Любопытство его не знало предела. Он жадно вбирал всё: знал названия минералов, следил за течением рек, наблюдал за рождением растений, слушал биение звёзд, ловил очертания пернатых в полёте, изучал повадки животных и движения марионеток. Он читал Оригена и Платона, беседовал с учёными-евреями и изучал Каббалу, вникал в алхимию и астрологию, не отвергая ничего, что могло хотя бы тенью приблизить его к истине. Он был верен механике и гидравлике, любил анатомию и музыку, геометрию и числа. Математика, по его словам, была единственной наукой, которая несла доказательства в самой своей сути.

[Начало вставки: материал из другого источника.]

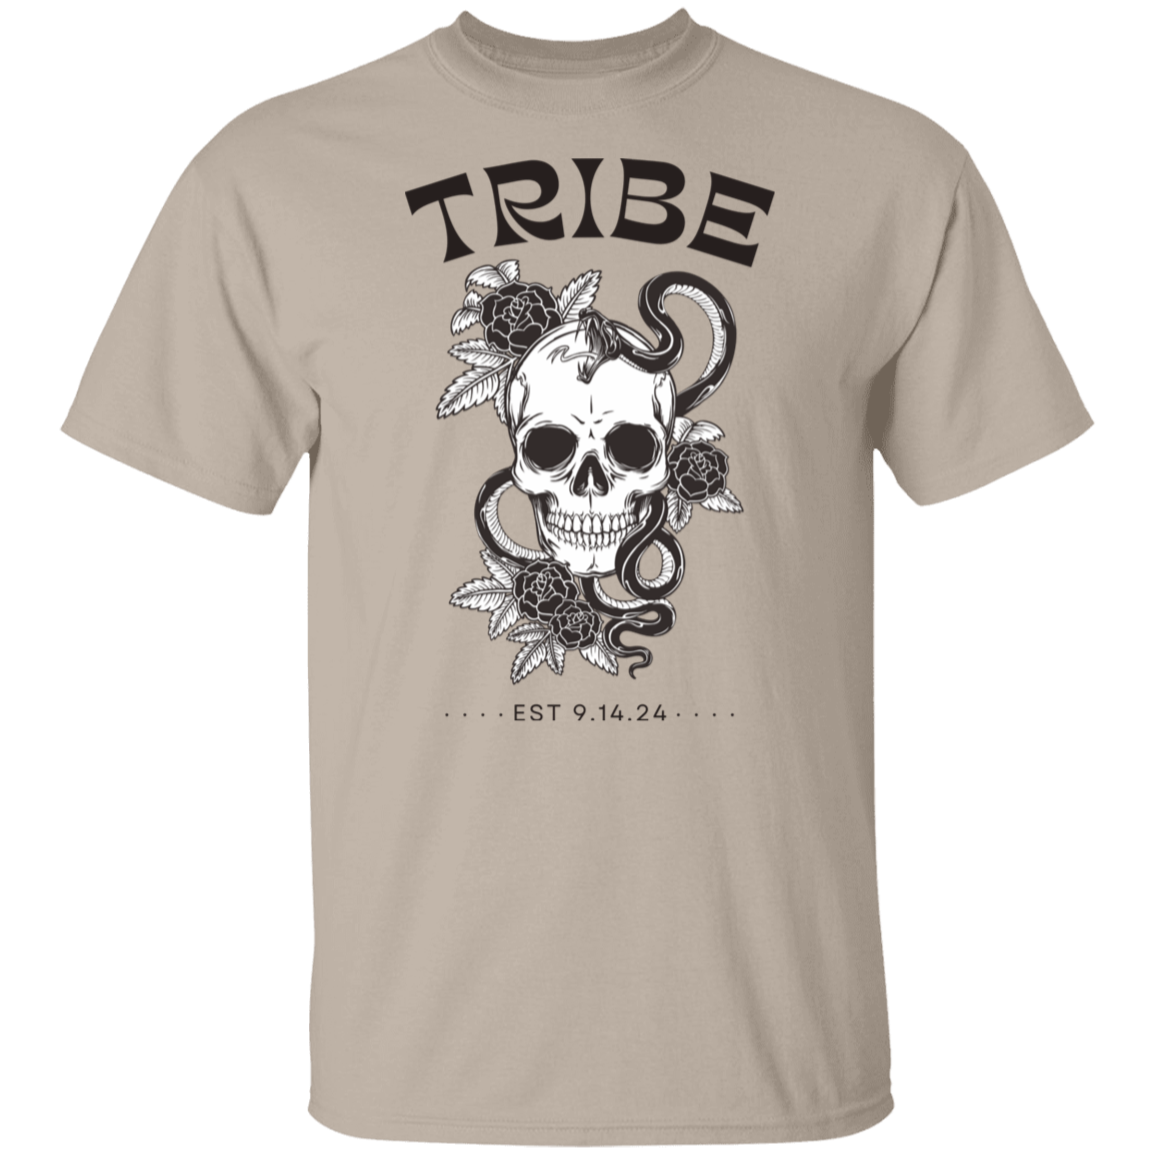 Bride/ Tribe T-Shirt, Bridesmaid's shirts
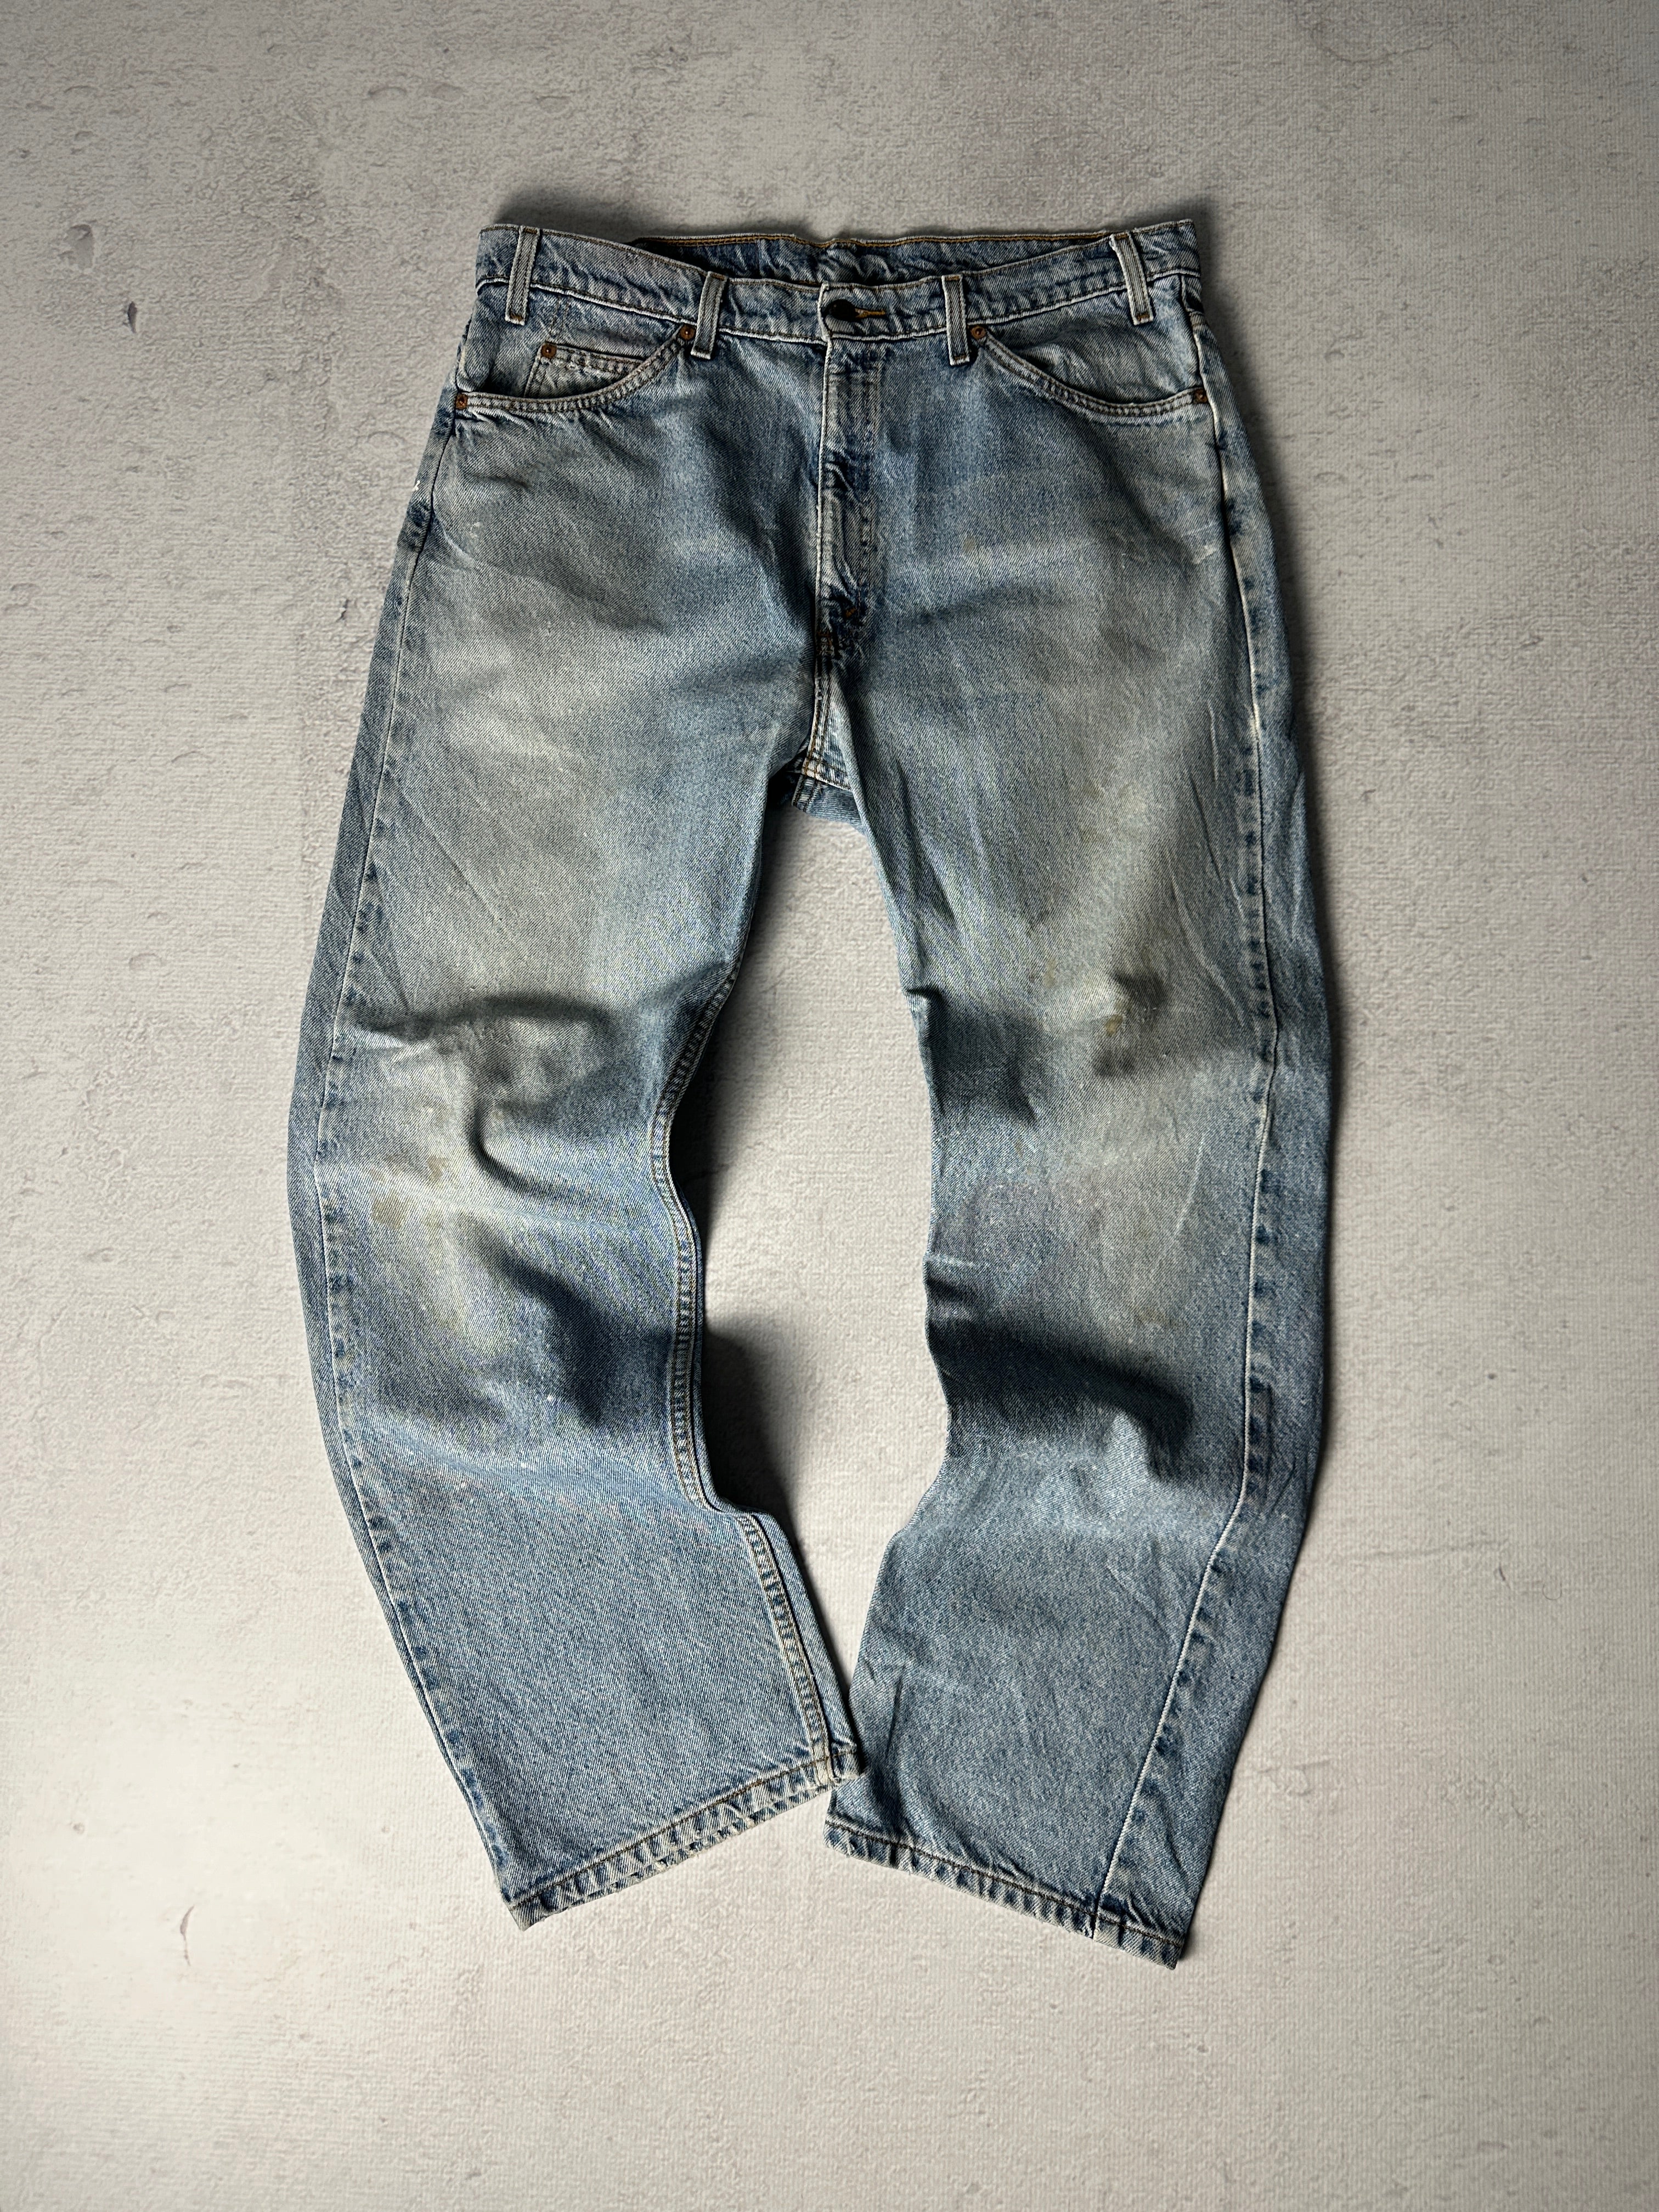 Vintage Levis Orange Tab Jeans - Men's 38W32L

А живопись? Нет, это не ремесло. Это наука – и даже более: царица всех наук.
– Живопись, – говорил он, – охватывает поверхности, цвета и формы всего, что рождено природой. Если философия проникает внутрь вещей, то живопись – их лицо, их видение. И если истина – дочь времени, то живопись – дочь природы. Она порождена ею и несёт в себе её дыхание. Через живопись говорит мир. И она, как ни одна другая наука, может быть понятна всем, в любые времена и на всех языках.
Он преклонялся перед природой – за её разнообразие, её геометрию и строгость. Но в этом же разнообразии пытался разглядеть Лик Творца. Не в прошлом он искал Бога, а в будущем – в движении звёзд, в спирали раковины, в полёте стрекозы. Он искал его в безмолвии механизмов и законах движения.
И в этом жаждущем, стремящемся разуме созревала клятва: быть первым. Первым среди художников, первым среди мыслителей. Он дал такое обещание отцу, и неуклонно держал слово.
Чтобы постичь тайны бытия, он тренировал не только руку, но и память, развивал воображение, исследовал психику человека. Он наблюдал не только лица – он ловил жест, интонацию, выражение глаз. Он хотел понять, что скрывается за мимолётной улыбкой, за сжатыми губами, за хмурым лбом – в этом он видел ключ к тайне души.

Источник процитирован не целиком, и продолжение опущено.